Aplicação do questionário

O questionário foi aplicado a um grupo de doentes da consulta de cefaleias do Serviço de Neurologia do HGSA após a sua observação clínica. Não houve limites de idade, para além da capacidade de compreensão das perguntas.

Registo de dados

Os dados obtidos no exame e no questionário foram registados numa base de dados para tratamento informático e análise estatística dos diferentes parâmetros estudados, com o consentimento informado verbal de todos os indivíduos estudados.

Observação clínica

Os 102 indivíduos foram seleccionados para este estudo aleatoriamente. Os 50 indivíduos da amostra de doentes com enxaqueca foram seleccionados numa consulta de cefaleias do Serviço de Neurologia do H.G.S.A., onde preencheram o questionário, tendo sido posteriormente encaminhados para o Serviço de Oftalmologia onde foram observados pela autora do trabalho (exame oftalmológico).

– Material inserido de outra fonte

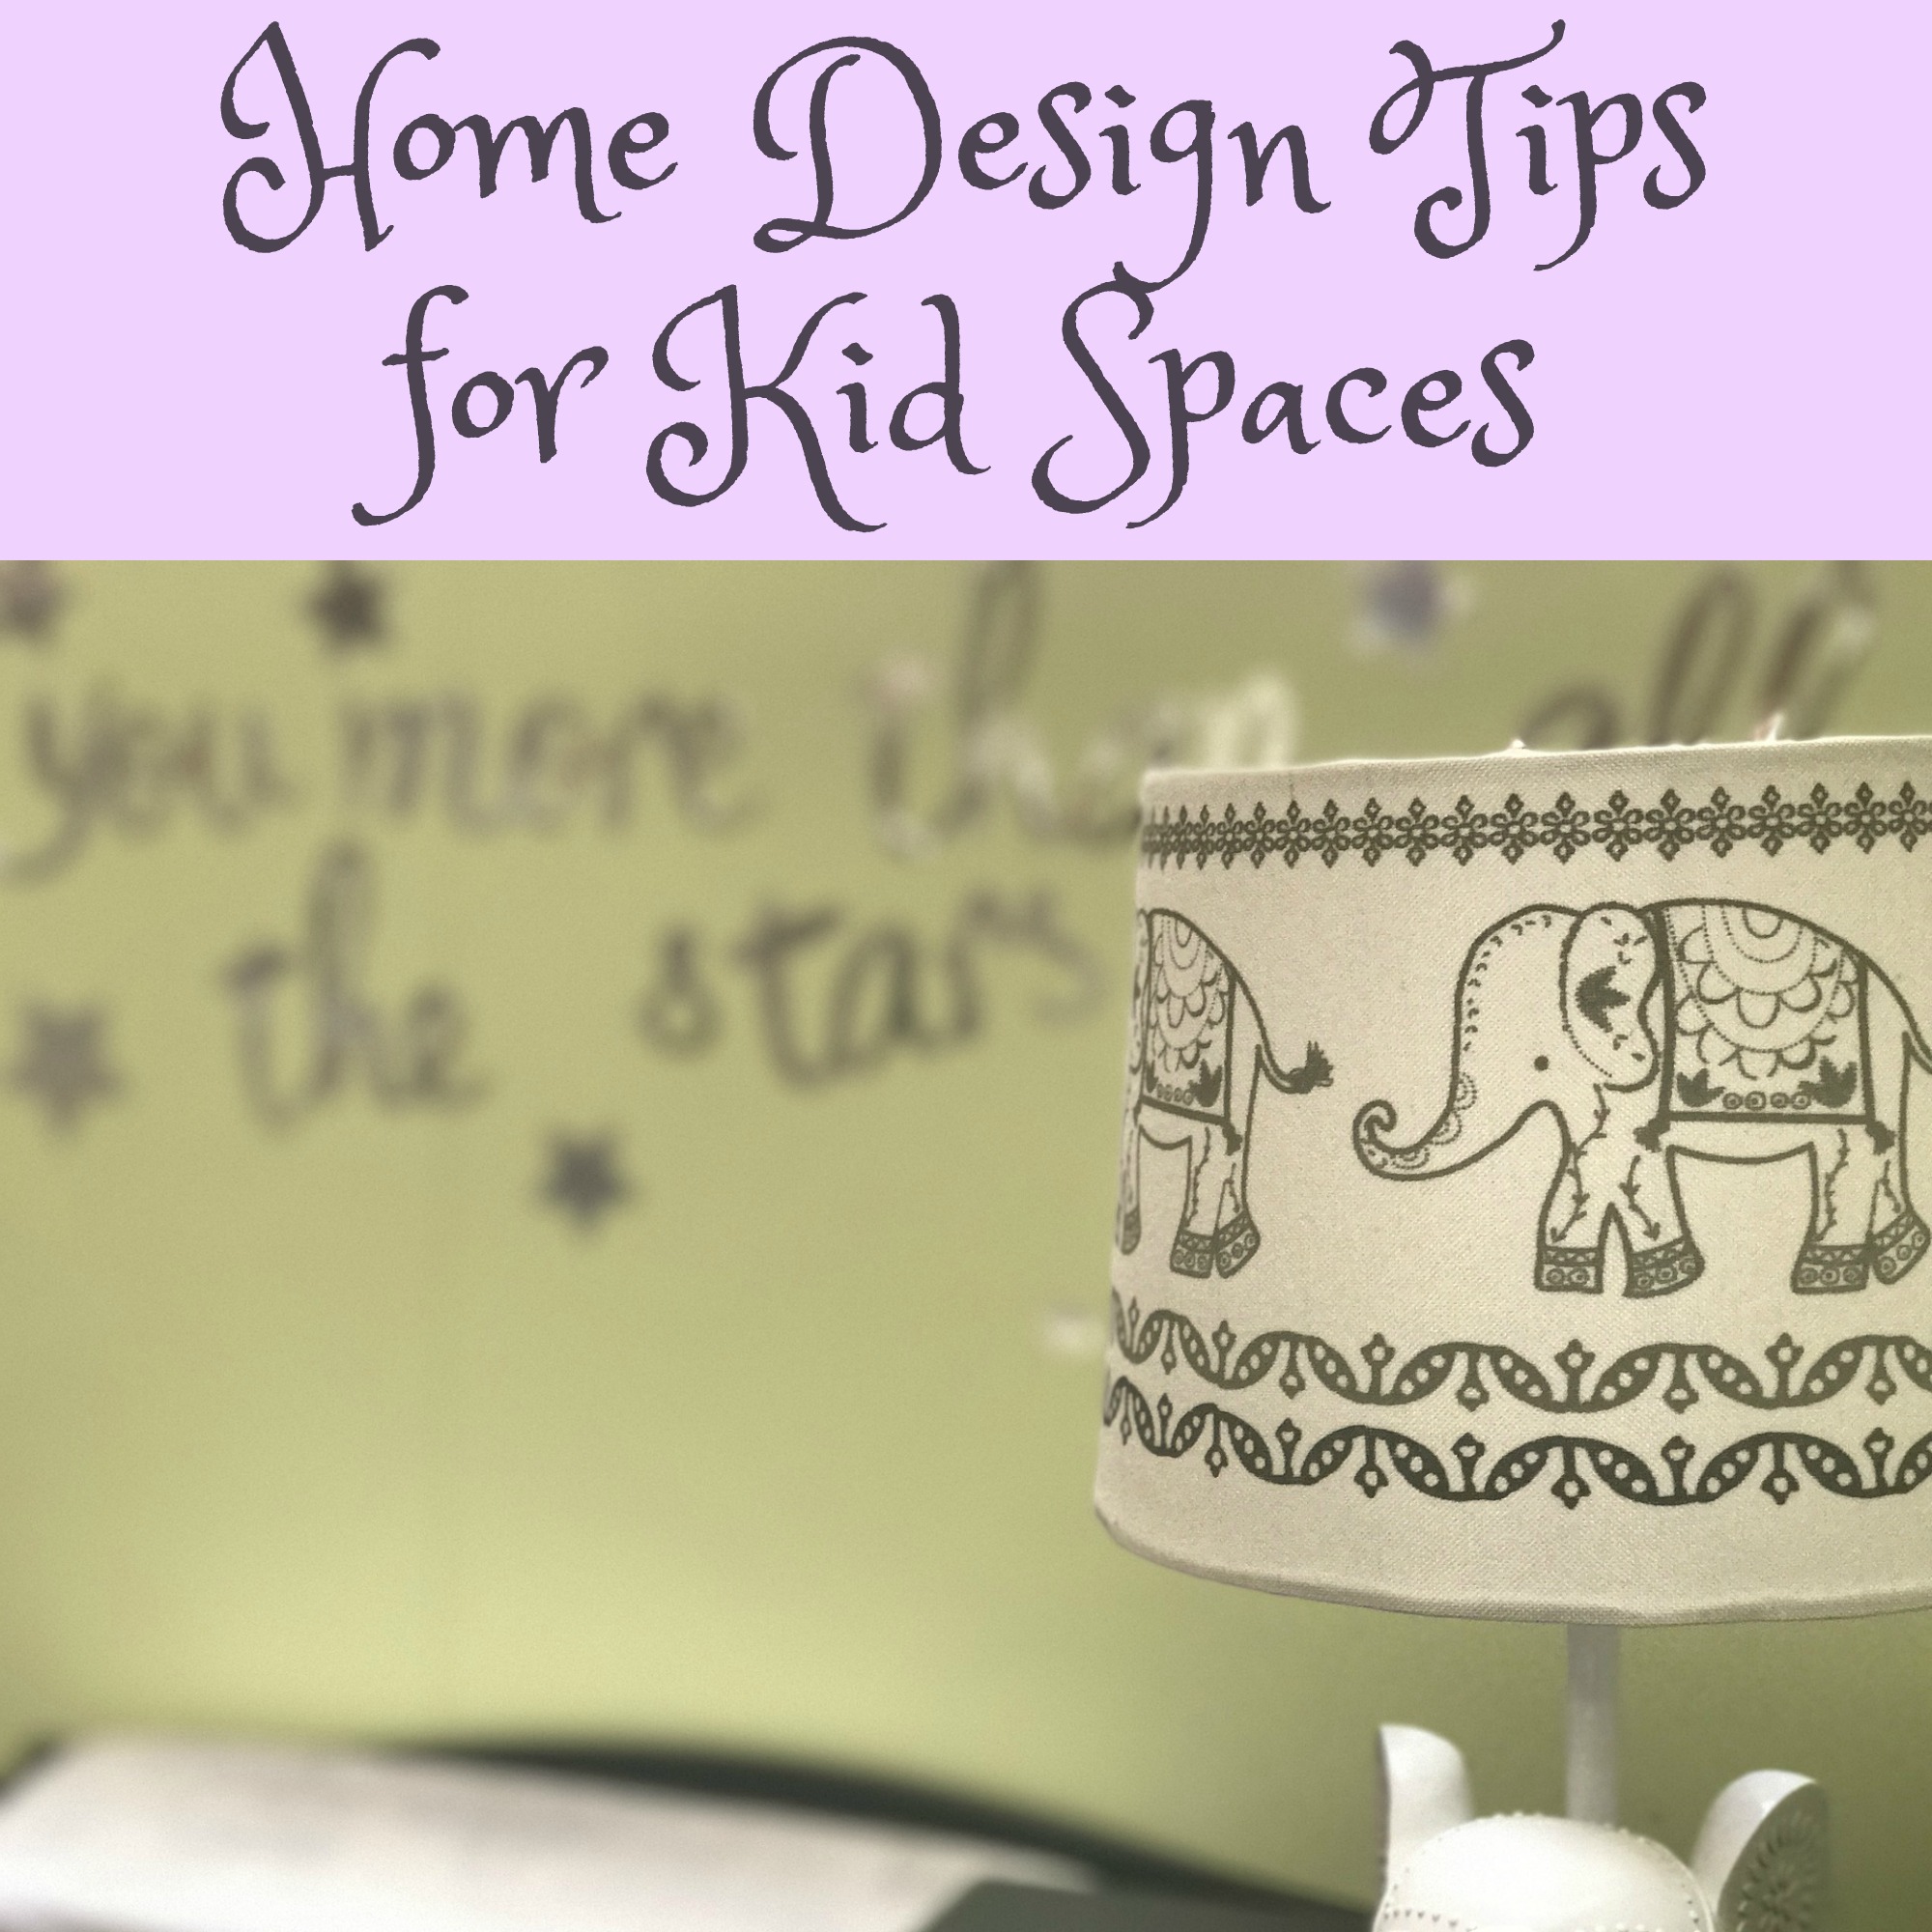 Home Design Tips for Kid Spaces

Os 52 indivíduos da amostra controlo foram observados em duas clínicas privadas (SAMS Norte e Hospital da Arrábida, Espírito Santo Saúde), pela autora e foram seleccionados aleatoriamente entre indivíduos que recorreram à consulta de oftalmologia para rastreio visual, sem quaisquer antecedentes de enxaquecas ou de doenças oculares conhecidos.

Validação clínica

A validação clínica foi obtida através da observação directa dos 102 indivíduos seleccionados aleatoriamente, sendo que a observação clínica oftalmológica de todos eles, foi efectuada exclusivamente pela investigadora.

Análise estatística

Procedeu-se à validação individual e cruzada das variáveis, item por item, para a detecção de erros, omissões ou incongruências dos dados, ou dos registos informáticos e à análise estatística através do programa SPSS 15.0.

Avaliaram-se as frequências dos diversos parâmetros estudados e a sua relação com as diferentes entidades clínicas identificadas. O nível de significância estatística adoptado foi de p<0.05.

Interpretação dos resultados

Os resultados obtidos foram interpretados e comparados com os dados correspondentes da literatura internacional sobre o mesmo tema (ver discussão dos resultados).